12. A system for measuring glycated hemoglobin A1c, comprising:

(a) a gripper module that translocates containers holding the sample to be measured;

(b) a mixing module for mixing the sample in the container;

(c) a chromatography module for purification of the substance of interest, said chromatography module comprising a disposable chromatographic column; and

(d) a detector module for measuring the optical density of the substance of interest.

13. A disposable chromatographic column comprising

(a) a column body suitable for packing with materials ordinarily used in the industry and which is used in the practice of liquid chromatography, sample preparation, purification and the like;

(b) means for retaining the column packing materials by insertion of retaining frits on either end of the column body;

(c) means for connecting the column body to a chromatography system by the use of simple Luer type fittings; and

(d) means for storing the columns through the use of Luer end caps to prevent the column packing materials from drying out.

14. A method for quantitating a substance of interest, comprising

adjusting the concentration of said substance to fall within a narrow, specified range of values; and

calculating the original concentration of the substance by retrograde conversion.

15. The method of claim 14, wherein the substance of interest is hemoglobin A1c.

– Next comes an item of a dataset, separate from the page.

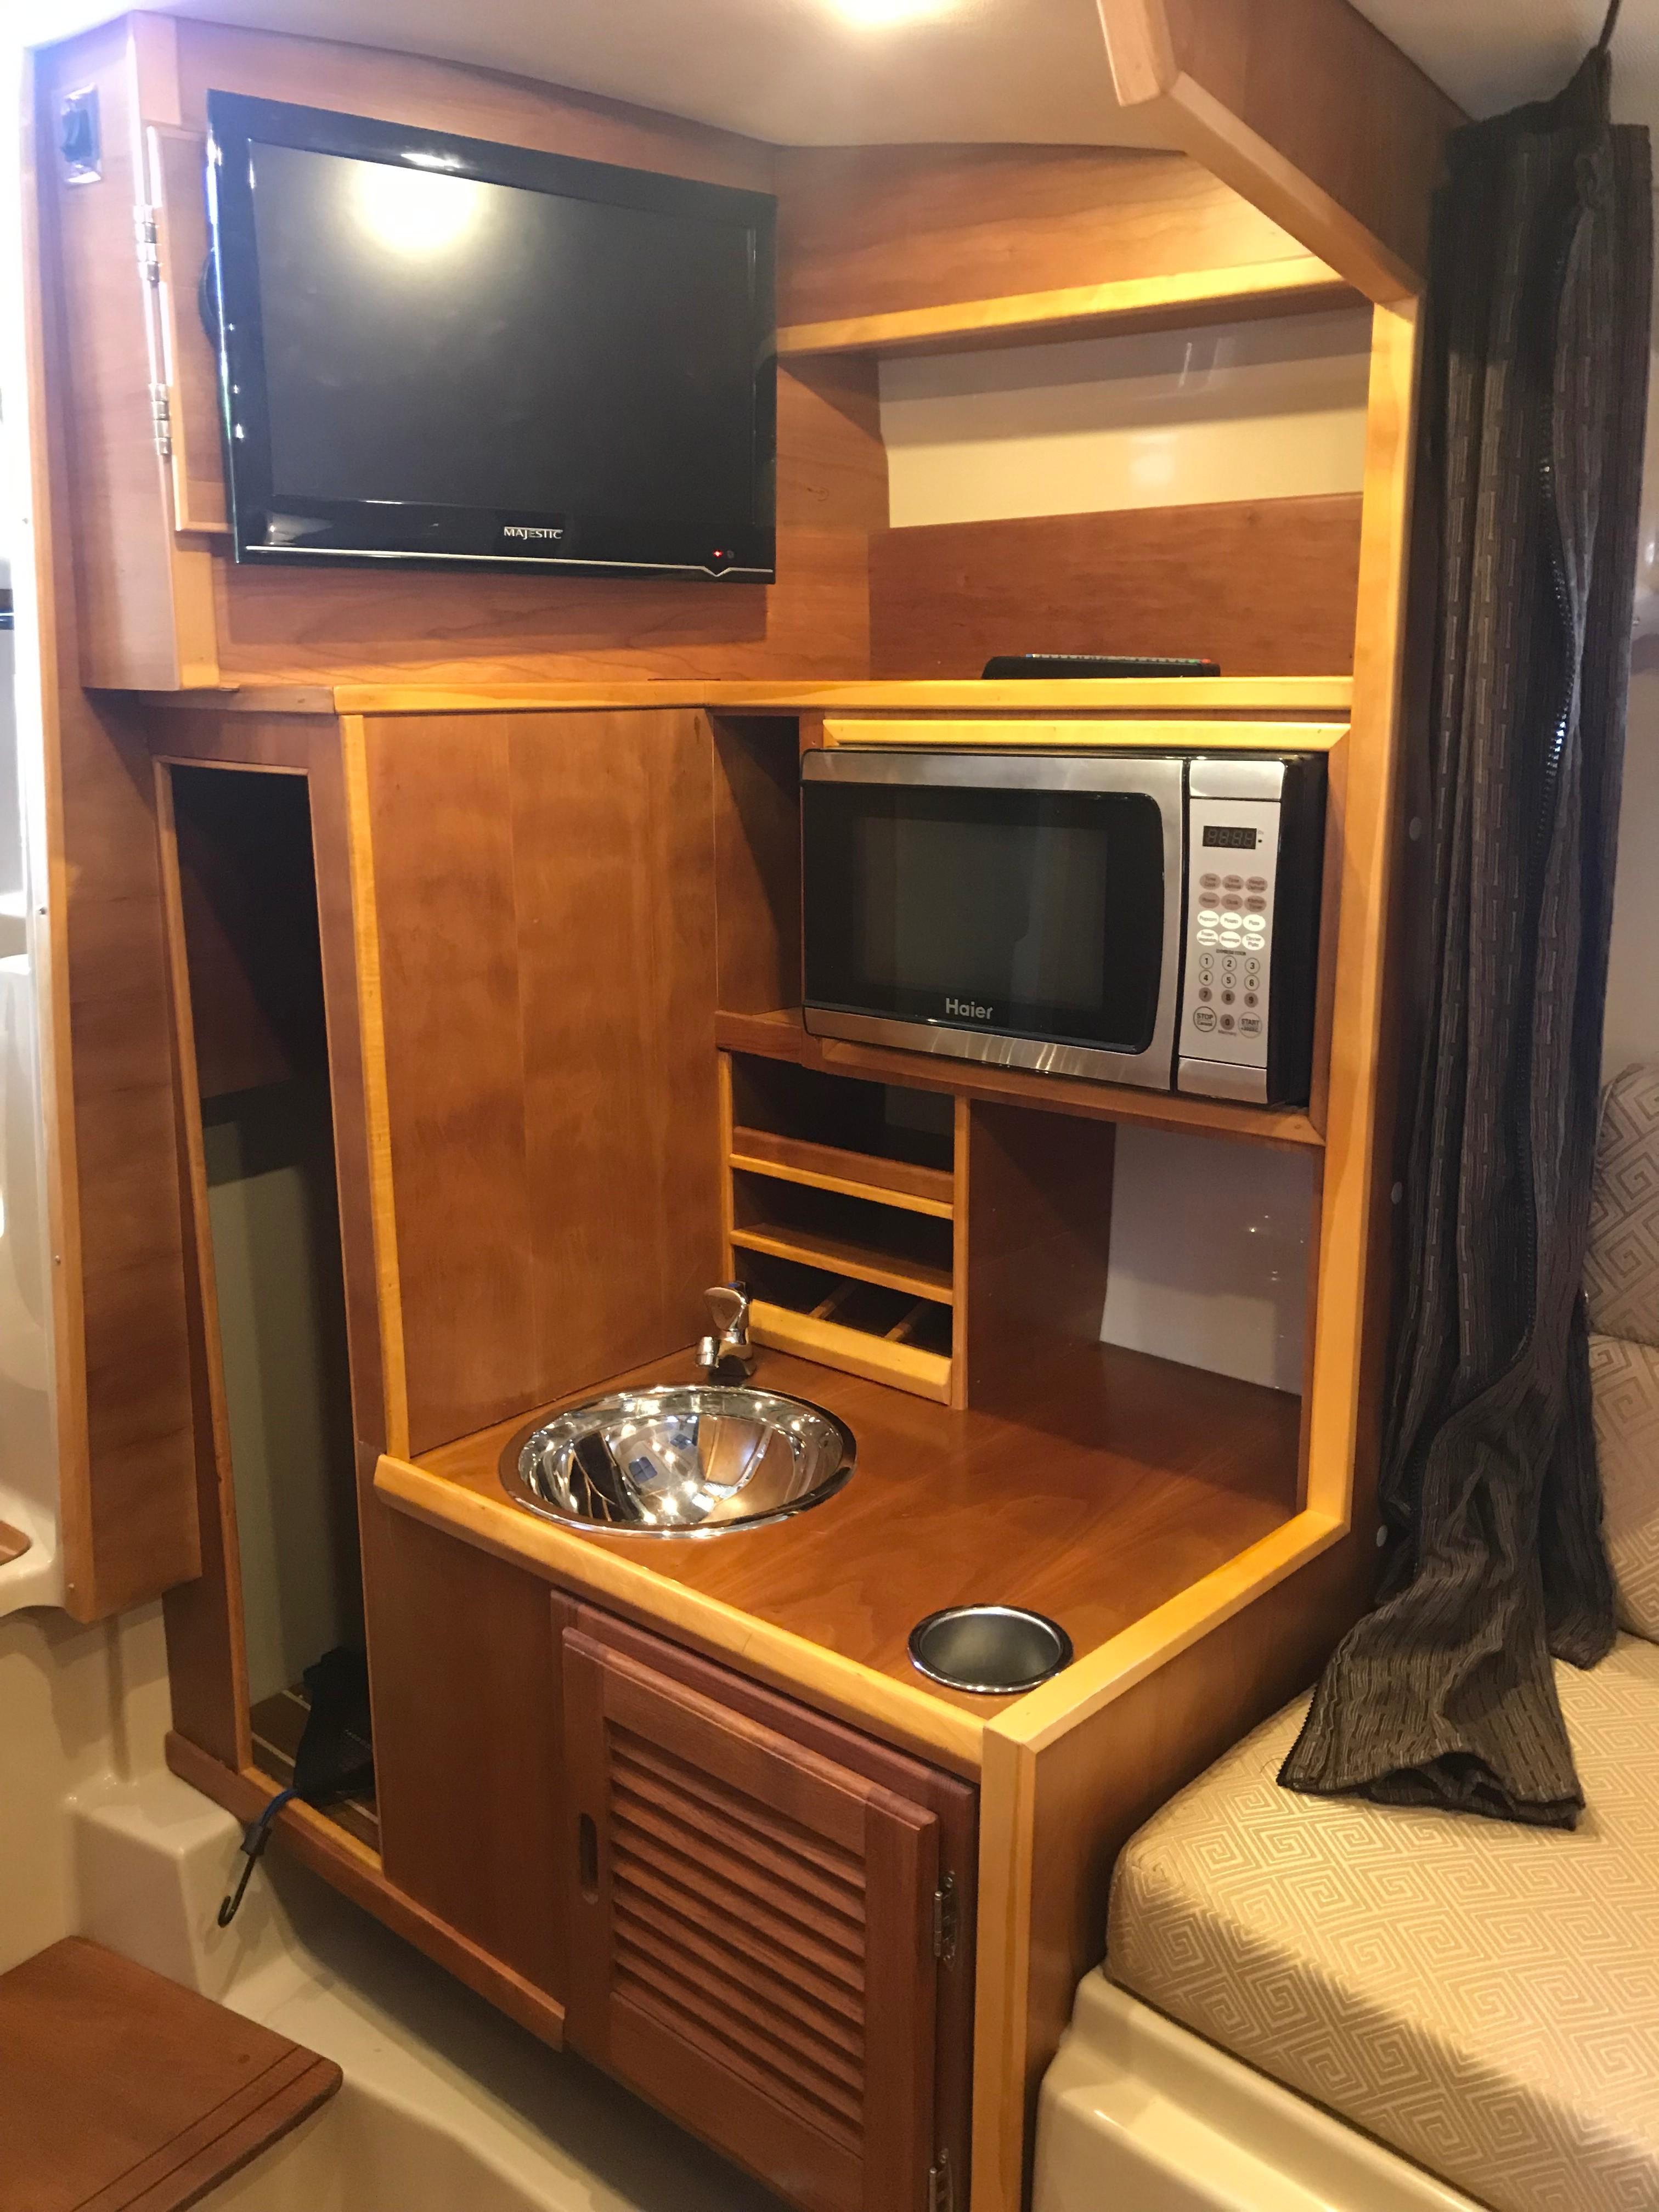 Cutwater C-28 - Vanity/TV in Forward Stateroom

16. A method for analyzing a liquid sample each containing both glycated and non-glycated protein fractions, comprising the steps of:

(a) providing an affinity chromatographic column;

(b) contacting said column with said liquid sample containing said glycated and non-glycated protein fractions,

(c) separating said non-glycated protein fraction from said glycated protein fraction of the liquid sample with said column at an operation pressure of 200 psi or less.

17. The method of claim 16, wherein said column is a disposable chromatographic column.

18. The method of claim 16, further comprising the step of identifying each liquid sample through a bar code pre-affixed to the container holding said sample.